We have 15 functional timekeeping implements in an apartment with only six doors. Daylight Saving Time (not "Savings") tends to make one notice just how obsessed we are with knowing what time it is.

Saturday, April 03, 2004

Not Today...

I'm not even going to try to write anything coherent here. It seems that what I thought was just a seasonal case of the sniffles easily attributed to the start of Spring hay fever season was actually the first wave of Penguin Death Flu that hit with leopard-seal-like vengeance last night. I'm feeling much better now, but I'm a bit hopped up on Day-Quil. See you tomorrow.

Friday, April 02, 2004

When Did God Get An Advertising Budget

For the last three weeks, every Friday, a direct mail circular has arrived in our mailbox addressed to "Dear Neighbors" from 10:35 Community Church, exhorting me to join them for lively worship conveniently located at a local elementary school. This week's slogan: "Get nine holes in and still make it on time. We don't start until 10:35." So, if I'm reading that correctly, the main benefit of this church is that they've managed to arrange services so that professing one's beliefs won't come at the expense of shaving a few strokes off your game. That whole pesky religious devotion thing shouldn't inconvenience one's weekend.

Thursday, April 01, 2004

Wrap Your Head Around This One

They actually make sugar free Vermont Maple Syrup. I saw it at Cracker Barrell tonight.

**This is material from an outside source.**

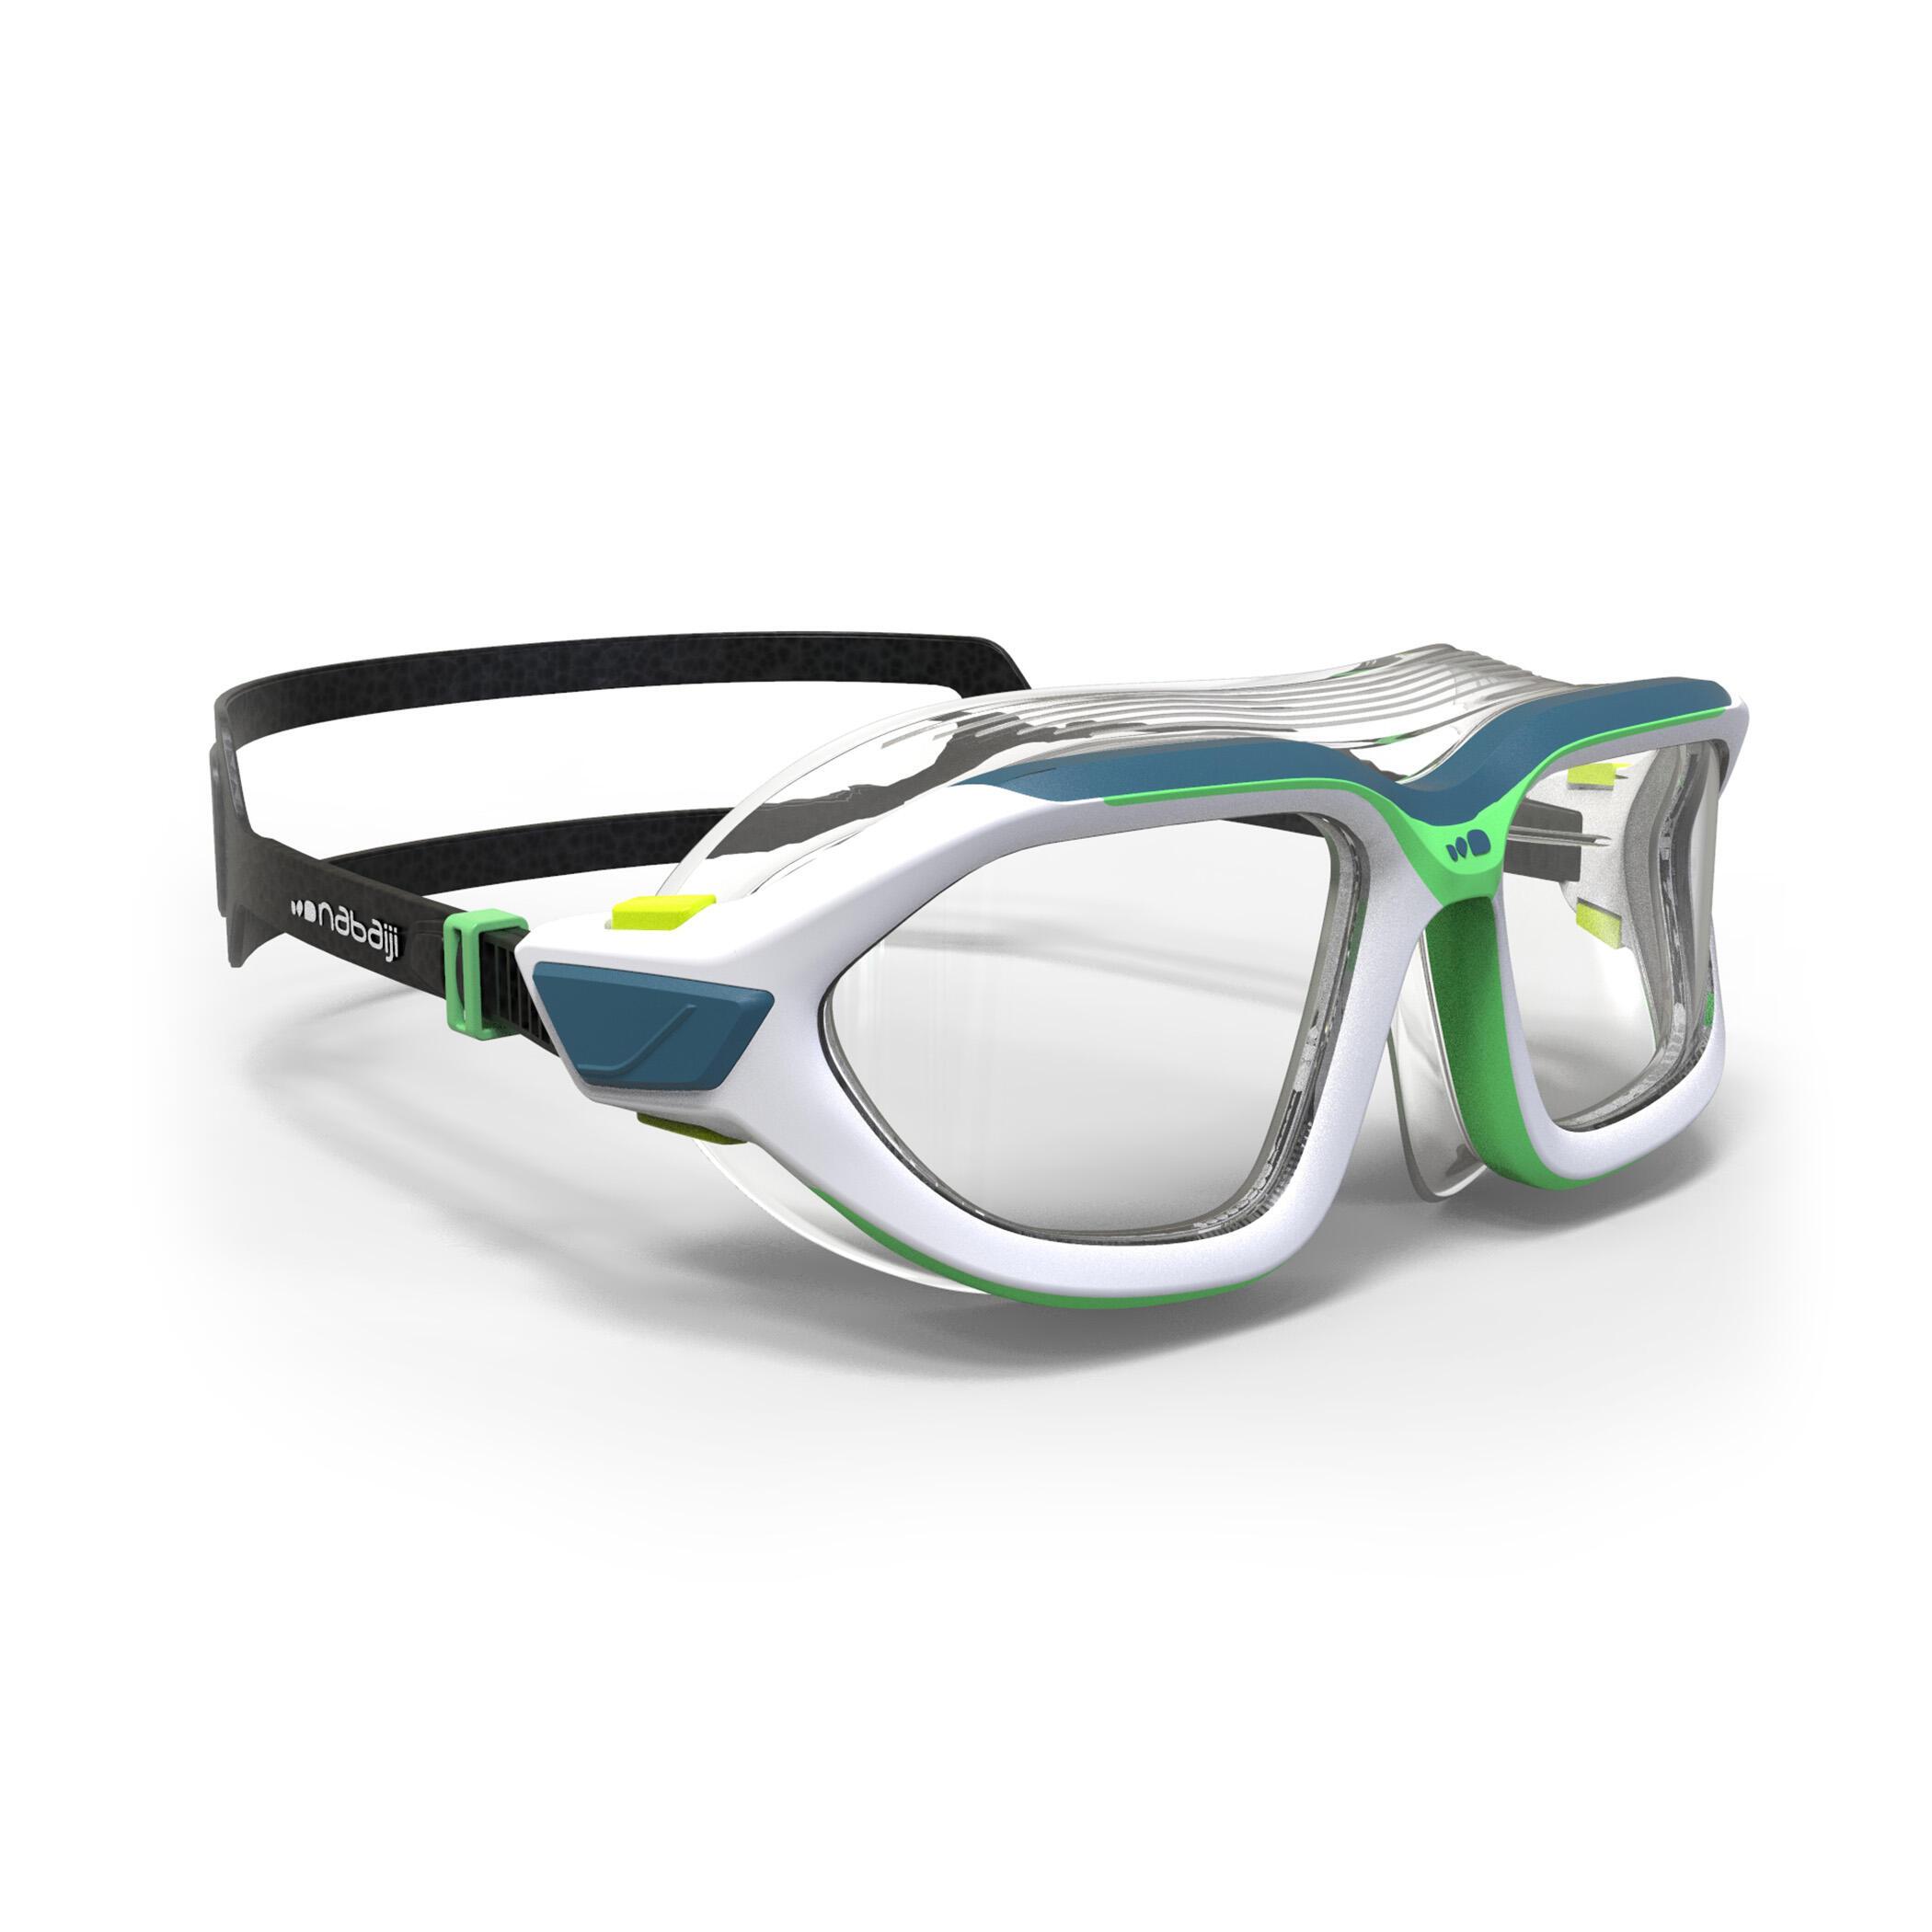 Ochelari Înot Active S imagine

Now, I have never personally made maple syrup, though I have eaten quite a bit of maple candy in my life and I have read descriptions of the syrup-making process. I may be wrong, but maple syrup pretty much is sugar. Sugar-Free Vermont Maple Syrup would be like caffeine free Mountain Dew or Twinkies without the trans fats and preservatives. You could, but what's the point?

Who Do You Call? Hamster-Busters!

When the kitten is stuck in a tree, call the police. Who do you call when your fat hamster gets himself stuck in your printer? In Flensburg, Germany, extracting corpulent rodents from PC components falls to the police.

No, I'm not kidding. I do not like April Fool's pranks and would never play one on you, unlike a certain person (and you know who you are) who wrapped me and my bed with toilet paper while I slept.